Если чрезмерно неопределенную, слишком широкую идею познания мы заместим идеей толкования (lecture), то нам станет понятным, как под материальной объективностью доступного всем текста могут скрываться различные иерархически соположенные смыслы, последовательно раскрываемые для его толкователя, или читателя, наделенного для этого достаточной силой проникновения в него. Но сказать это значит все еще сказать слишком мало: то, что вмешивается в эти процессы, так это воля к толкованию, не довольствующаяся поверхностным смыслом и стремящаяся искать более глубокий смысл, скрытый за ним. Особенность смысла в том, чтобы раскрываться лишь тому сознанию, которое само раскрывается, чтобы его принять; неким образом смысл есть ответ на определенное ожидание, причем активное и настойчивое, или, точнее говоря, ответ на требование (exigence). Иерархия смыслов зависит от иерархии требований. Но то, что справедливо по отношению к толкованию текста, почти в точности применимо и к философскому поиску, как я его понимаю. По сути своей такой поиск есть дешифровка. Запомним это слово: музыкальная дешифровка, или чтение с листа, дает нам в данном случае еще более совершенный образец для сравнения. Вот перед нами партитура, в ней имеются знаки, значение которых строго определено для того, кто знает систему музыкальной нотации; такое чтение отвечает тому, что я назвал мышлением вообще. Но для музыканта, будь он исполнитель или нет, задача состоит в том, чтобы проинтерпретировать эти знаки, открыть за ними музыкальный смысл того, что сначала дано лишь как криптограмма, то есть достичь подлинного произведения, к которому он явно приглашен, или призван, самим наличием партитуры. На это мне могут возразить, что это скорее пересоздание или воссоздание, чем создание. Это и так и не так. Для композитора, обладающего совершенно ясным сознанием того, что он не только хотел выразить, но и слышал, речь в таком случае действительно идет о пересоздании или даже о репродукции. Но тот, что читает его партитуру, исполнитель, будучи по определению лишенным такого сознания, предваряющего его чтение, может рассчитывать лишь на самого себя, на свою способность к интуитивному проникновению. Ему необходимо увлечься, открыться навстречу этому таинству, имея перед собой лишь его скудный чувственно данный и объективный след. Но это творческое истолкование, к которому он устремлен, является настоящим участием в самом вдохновении, испытанном композитором.

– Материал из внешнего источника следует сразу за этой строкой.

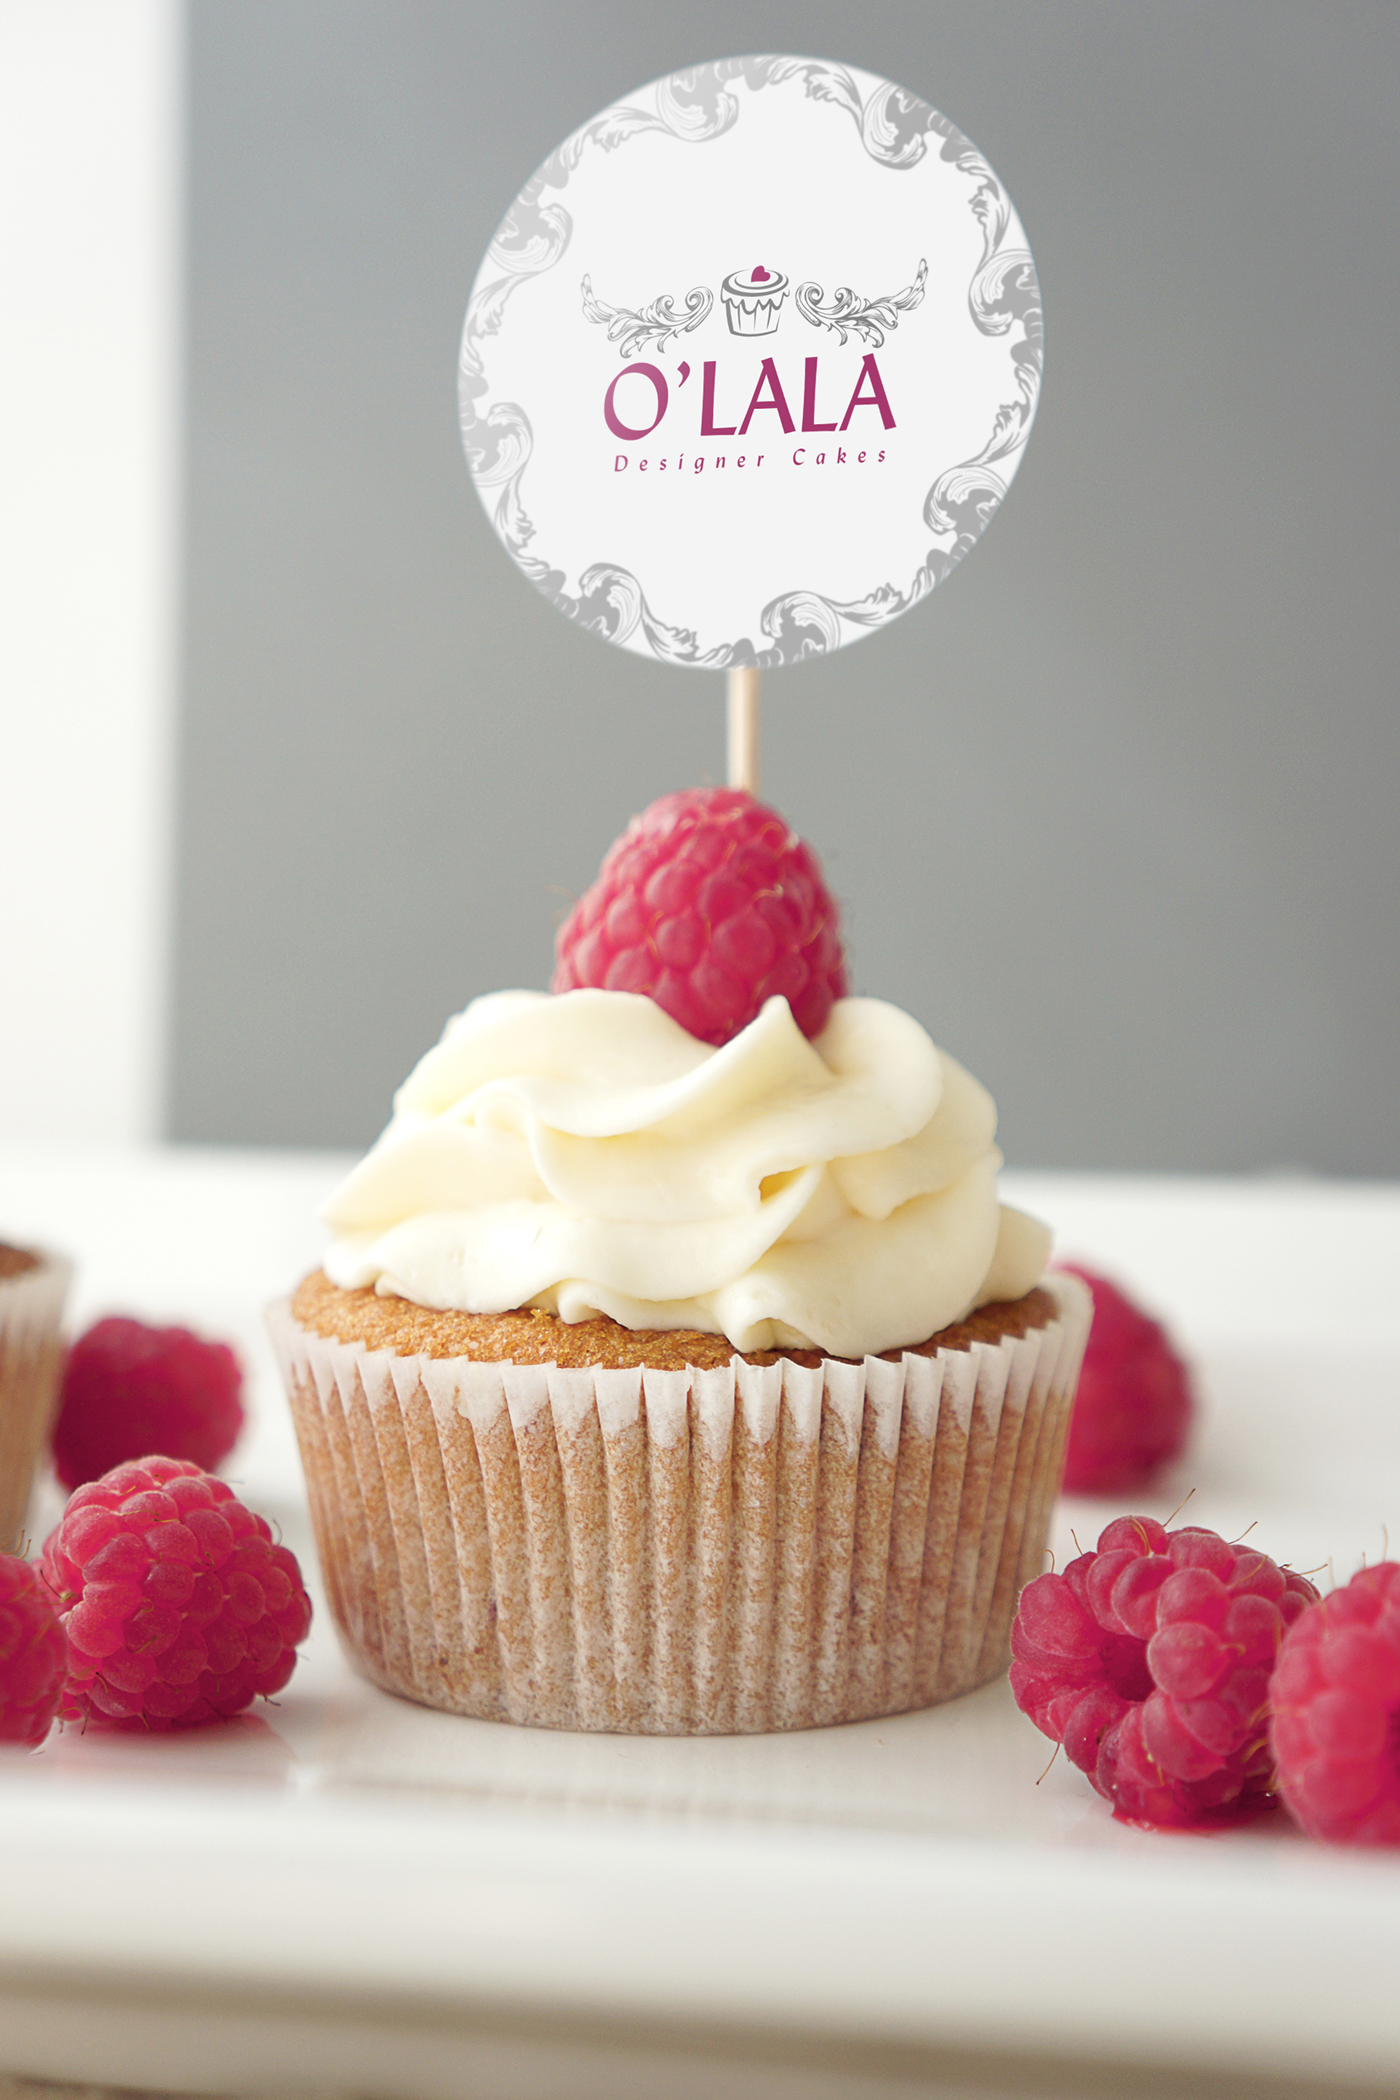 Graphic designe logo cake 3d cakes desserts cupcake] gift brand O'lala custom-made 3D cakes dubai

Это сравнение является для меня исключительно важным, так как позволяет непосредственно признать, что существует уровень сущего (un ordre), расположенный за пределами того, что является лишь годным (valable), и одновременно за пределами того, что является лишь субъективным, понимаемым в психологическом и приватном смысле этого слова. Действительно, совершенно ясно, что имеется некая реальность, например, Шумана или Шопена, которой надо активно подчиниться, но которая не позволяет быть сведенной к каким бы то ни было формулам, характерным для частных истин. Особенностью такой реальности является ее способность быть неузнанной или преданной. К самой ее сути относится то, что она лишена принуждающей силы того порядка, которой наделены законы физики. Однако совершат самую тяжкую ошибку те, кто будет сводить такую реальность к чисто субъективному состоянию, к ускользающему настроению. Это было бы игнорированием того, что дает произведению его значимость, его ценность, его достоинство.

Признание того, что понимание может быть неодинаковой глубины, означает установление скрытой иерархии восприятия, выстраиваемой по отношению к бытию, а не по отношению к годному. И чтобы меня лучше поняли, я должен пойти в анализе идеи пригодности (validité) еще дальше: она неотделима от идеи использования. Нетрудно показать, что прагматизм смог внедриться в сознание лишь под прикрытием систематического смешения истины и пригодности. Для нашего обсуждения интересно показать практический аспект понятия пригодности, взяв как ее образец пример годности железнодорожного билета или билета в театр. Речь идет об определенном билете, дающем право на такую-то поездку или на определенное представление при определенных условиях. Научная формула также является применимой, хотя и в ином смысле, но тоже в строго определенных условиях. Пригодность всегда предполагает спецификацию ее действенности. Отсюда следует то, что мы склонны представлять себе формулу как своего рода автоматический процесс, включаемый нажатием определенной кнопки. Что в данном случае мы имеем дело лишь с деградированным знанием, об этом я уже ясно сказал и я на этом продолжаю настаивать; но на данном уровне подобная деградация почти с неизбежностью возникает, и только усилие размышления, то есть духа как свободы, может эффективным образом противостоять тому, что нужно считать чистым и простым процессом духовной склеротизации.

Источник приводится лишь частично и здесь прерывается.